Retype word for word the stretch of entries below from the line that has "Pacote Família passeio" through the line that has "Суд арестовал подозреваемого", and omit the pictures.

[The input]:
=== Begin Enclosure ===

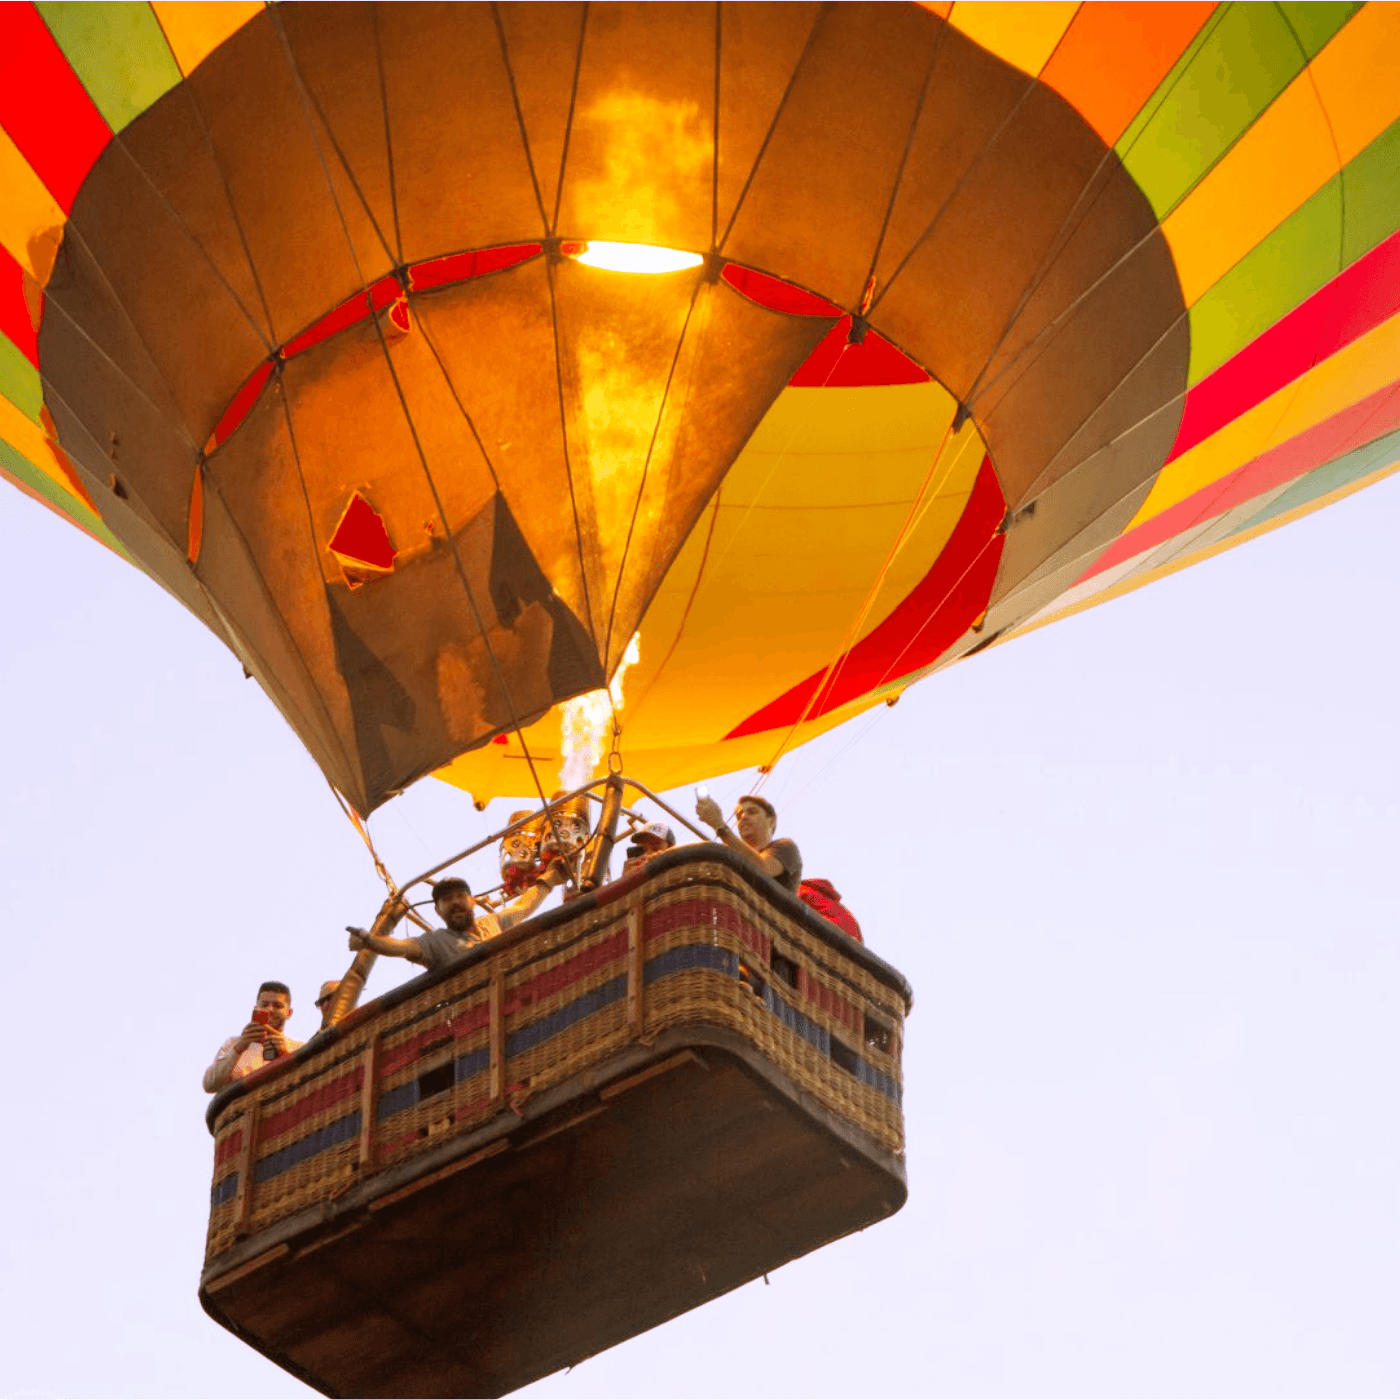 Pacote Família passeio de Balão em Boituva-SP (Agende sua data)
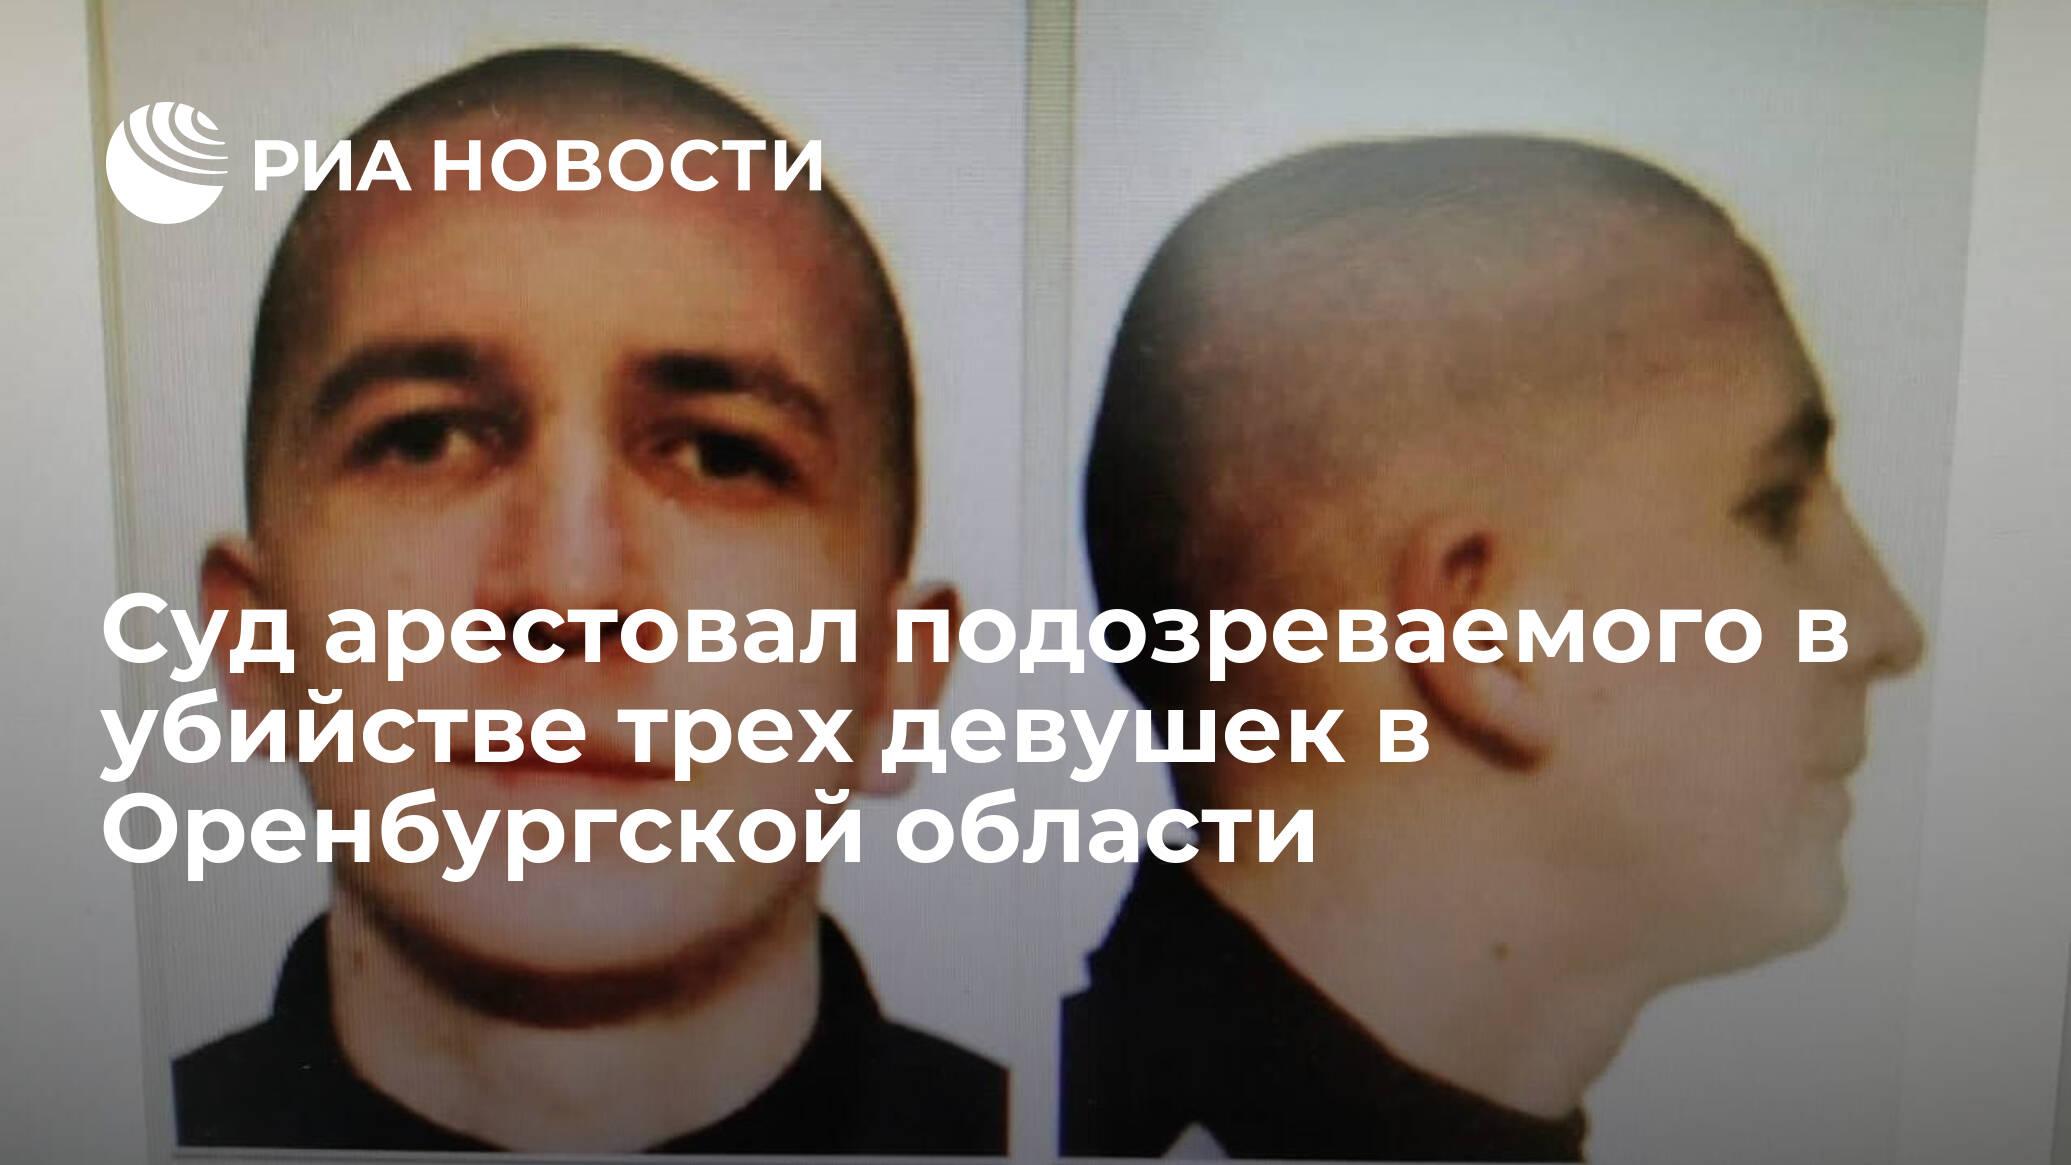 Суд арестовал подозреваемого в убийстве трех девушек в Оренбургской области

=== End Enclosure ===
=== Begin Enclosure ===

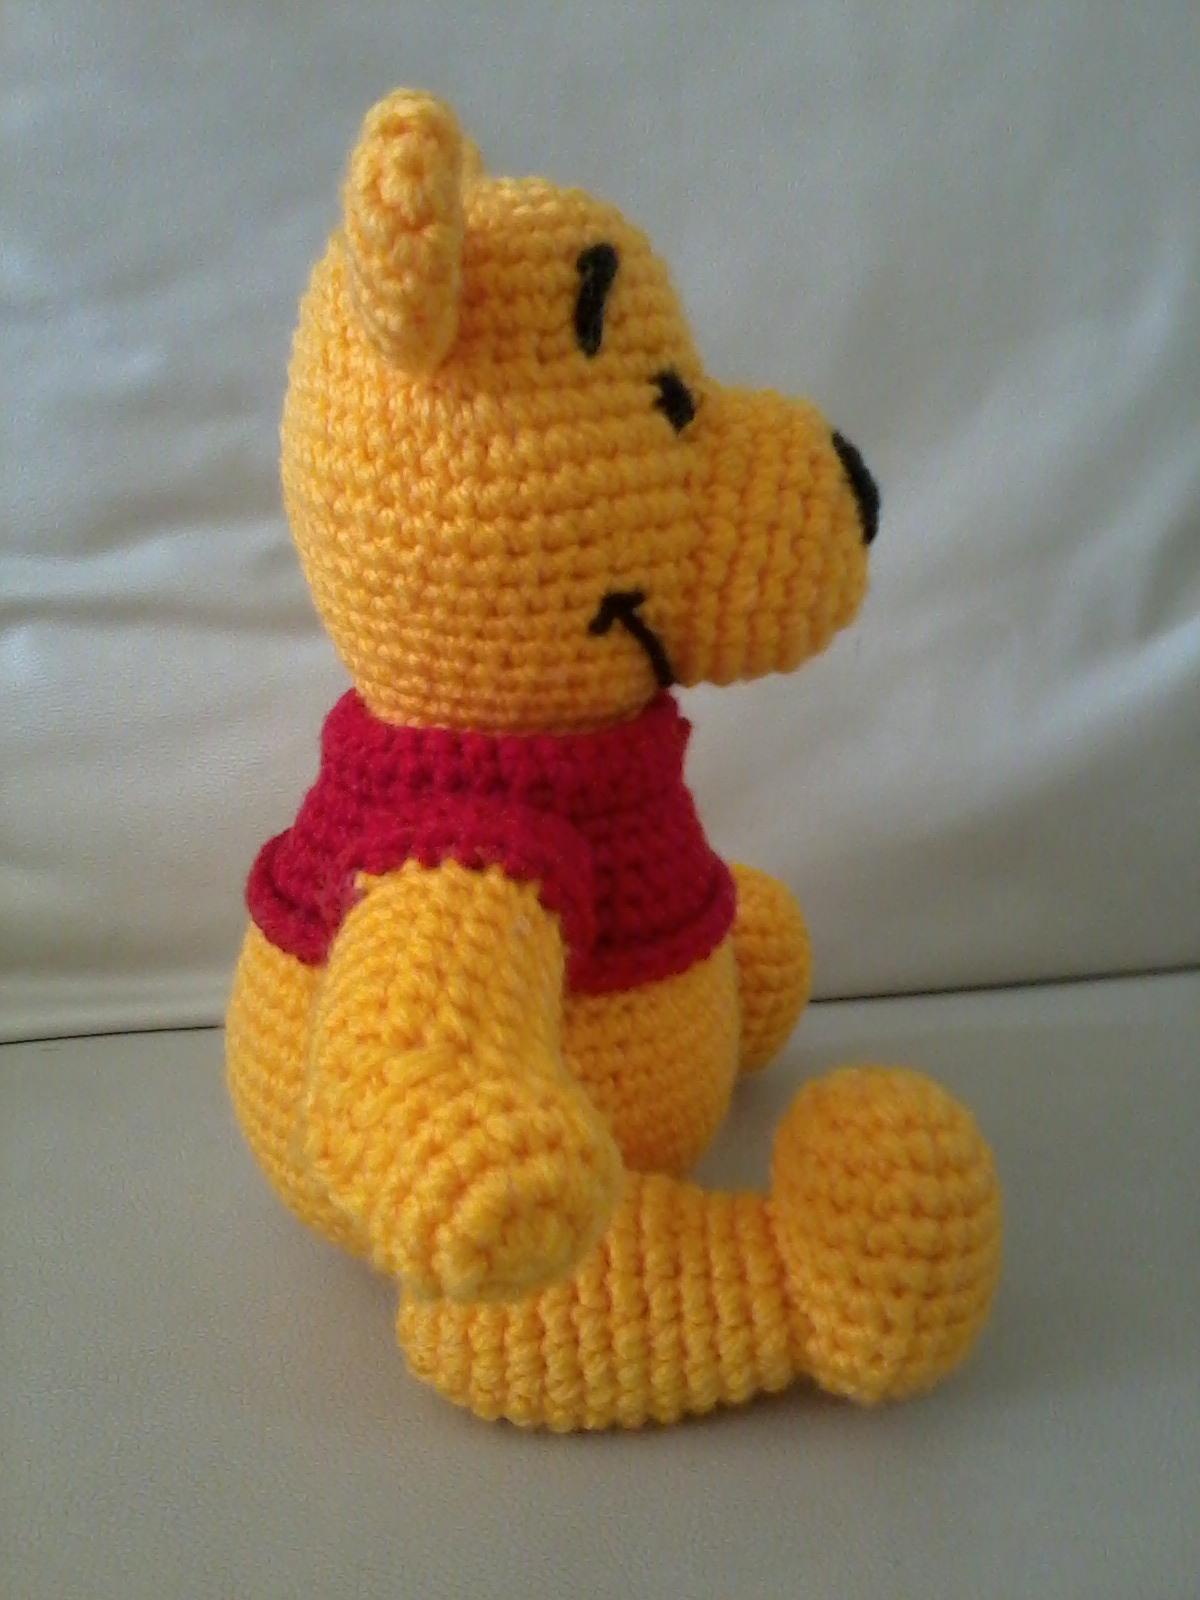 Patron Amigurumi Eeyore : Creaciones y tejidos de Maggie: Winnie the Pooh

=== End Enclosure ===
=== Begin Enclosure ===

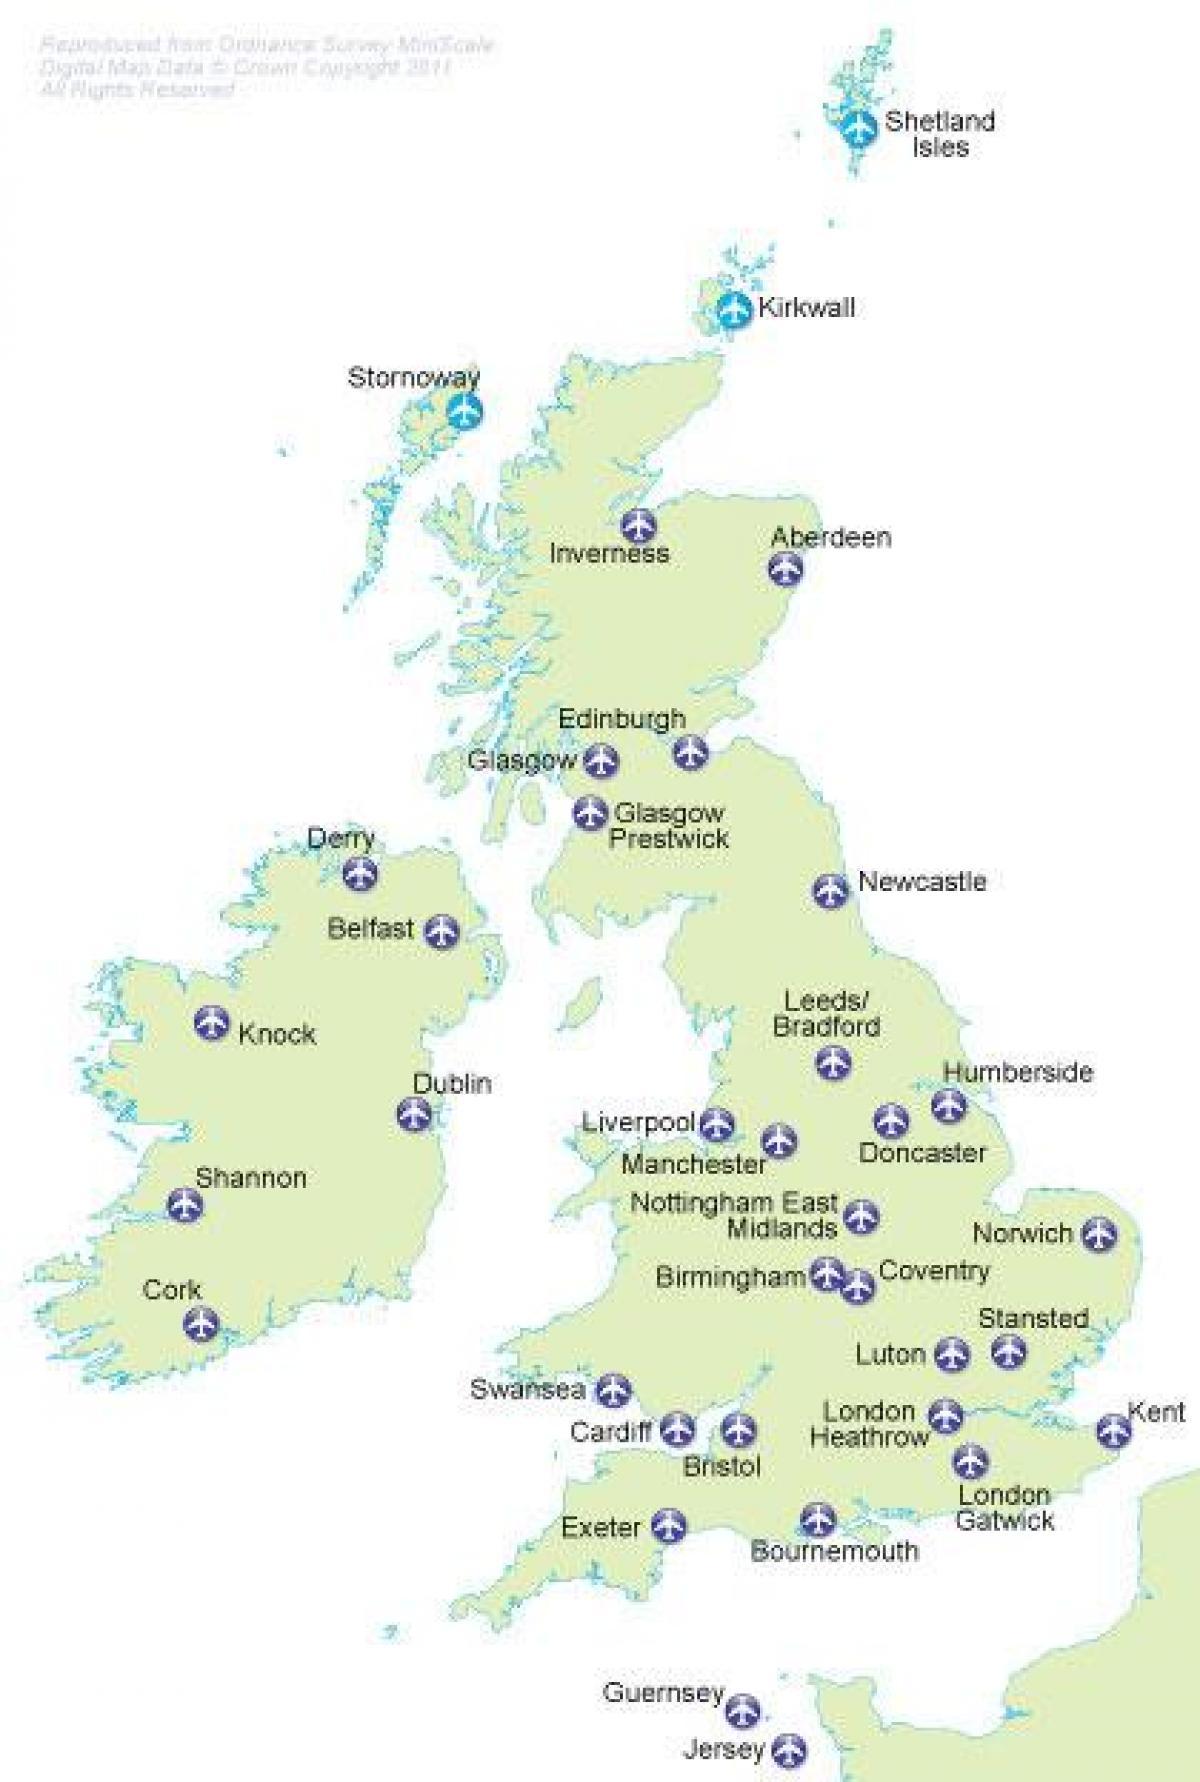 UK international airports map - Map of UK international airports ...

=== End Enclosure ===

[Output]:
 Pacote Família passeio de Balão em Boituva-SP (Agende sua data)
 Суд арестовал подозреваемого в убийстве трех девушек в Оренбургской области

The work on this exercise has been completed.